Certains pays imposent
effectivement des restrictions au financement des partis politiques par les
syndicats. Les Etats-Unis, par exemple, qui sont membres de l’Organisation
Internationale du Travail imposent depuis longtemps des
restrictions au financement des partis politiques par les syndicats (bien qu’il
ait été possible de contourner ces restrictions, les syndicats pouvant créer
des fonds constitués par des contributions individuelles volontaires). Historiquement, le mouvement syndical
aux Etats-Unis a tendance à soutenir financièrement le parti démocrate. Plus
récemment, la loi intitulée « Bipartisan Campaign Finance Reform
Act » de 2002 a cherché à interdire les dons de grande envergure aux
partis politiques nationaux et fixé un plafond pour les dons individuels.
25.
Toutefois, si l’on
prend l’exemple des Etats-Unis, il est significatif que les lois de ce pays
s’appliquent également aux représentants et aux associations des travailleurs
et des employeurs, c’est-à-dire qu’il n’y a pas de discrimination entre les uns
et les autres s’agissant de la liberté ou de l’absence de liberté de faire des
contributions politiques, du moins depuis l’adoption de la loi Taft-Hartley de
1947. (La loi Tillman de 1907 avait bien interdit le financement politique des
partis par des hommes d’affaires et des sociétés, mais ses dispositions
pouvaient également être contournées et étaient dans une large mesure
inopérantes). Les sociétés comme les syndicats sont également soumis à des
restrictions en vertu des lois sur le financement politique.
26.
L’une des principales
conventions de l’Organisation Internationale du Travail concernant les
syndicats, la Convention de 1948 sur la liberté syndicale et la protection du
droit syndical, indique dans l’une de ses dispositions
primaires que :
« Les travailleurs et les employeurs,
sans distinction d’aucune sorte, ont le droit, sans autorisation préalable, de
constituer des organisations de leur choix, ainsi que celui de s’affilier à ces
organisations, à la seule condition de se conformer aux statuts de ces
dernières. »
27.
Dans une
interprétation large, cette disposition pourrait être comprise comme signifiant
que tout acte de discrimination s’agissant du fonctionnement de la
représentation des employeurs et des travailleurs est interdit. On pourrait
aussi l’interpréter comme visant uniquement l’affiliation aux organisations. On
pourrait faire valoir, par ailleurs, que si l’interdiction de la discrimination
devait se limiter à la simple affiliation, il serait possible de mettre en
place toutes sortes d’autres mesures discriminatoires de nature à mettre
effectivement les salariés en position défavorable par rapport aux employeurs
en termes de représentation collective. Cette vision plus large de la portée de
la disposition est confortée par l’emploi de la formule «sans distinction
d’aucune sorte».
IV. CONCLUSION
28.
Dans l’ensemble, la
loi sur les partis politiques est une bonne loi et n’est pas indûment
prescriptive. La principale préoccupation tient au point de savoir si la
disposition de l’article 4 interdisant à un parti de commettre des actes
contraires à l’ordre constitutionnel pourrait être utilisée pour refuser de
reconnaître un parti cherchant à obtenir un changement constitutionnel
fondamental par des moyens pacifiques, ou pour le dissoudre. Deuxième source de
préoccupation : les dispositions de la loi concernant les dons faits à des
partis politiques à des fins de corruption peuvent-elles être effectives ?
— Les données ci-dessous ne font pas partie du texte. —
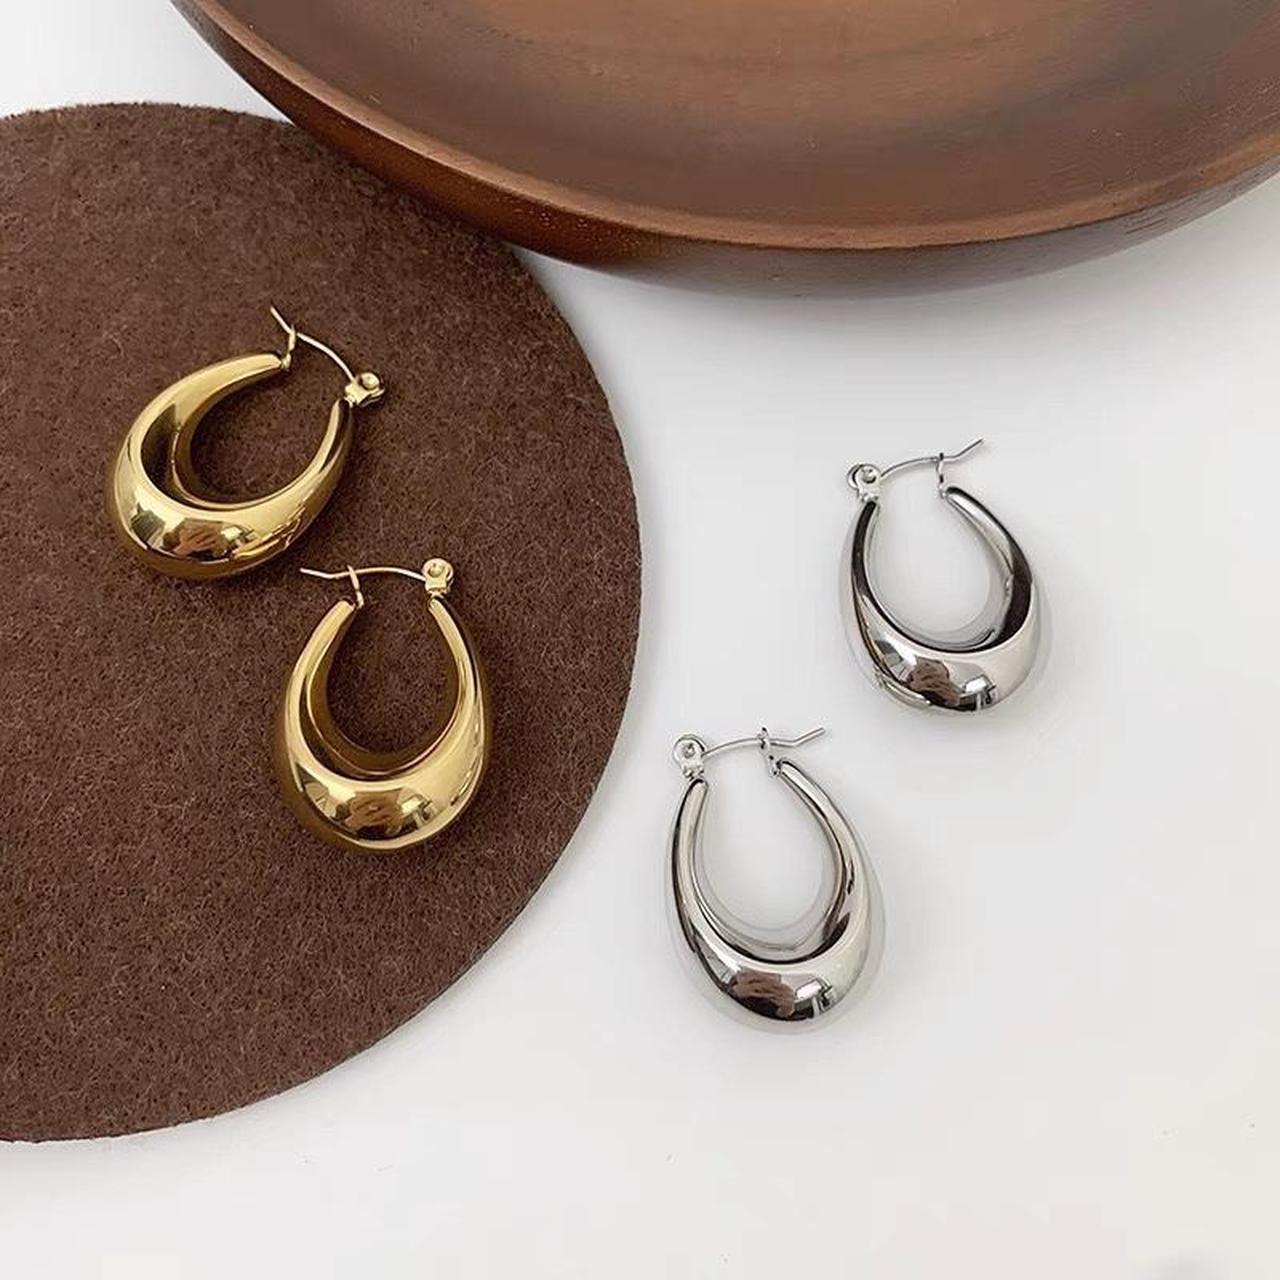 Product Image 2 - Oval hoops earrings funky hoops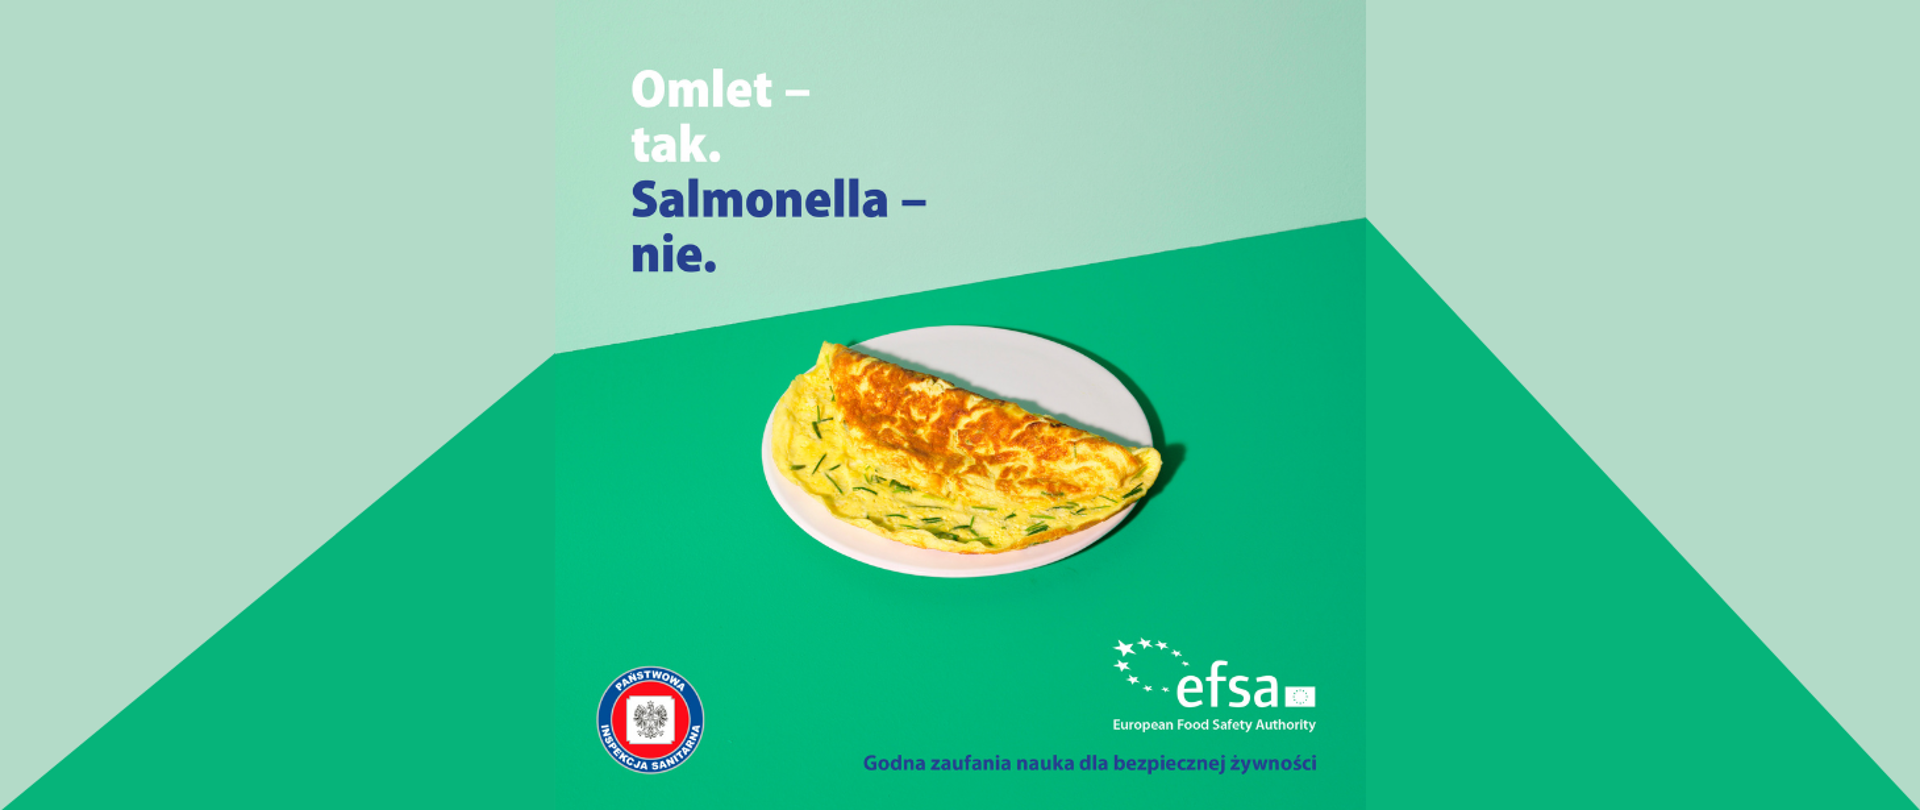 Grafika przedstawia omlet na talerzu z napisem Omlet- tak. Salmonella- nie. Na dole grafiki logo Państwowej Inspekcji Sanitarnej oraz EFS – European Food Safety Authority -Godna zaufania nauka dla bezpiecznej żywności.

L’affiliation aux partis politiques pourrait être une question à étudier plus
avant (possibilité pour les non ressortissants de participer aux activités des partis
politiques). Enfin, la question se pose de savoir si les dispositions relatives
aux dons ont un caractère discriminatoire à l’égard des syndicats par rapport
aux employeurs et à leurs organisations.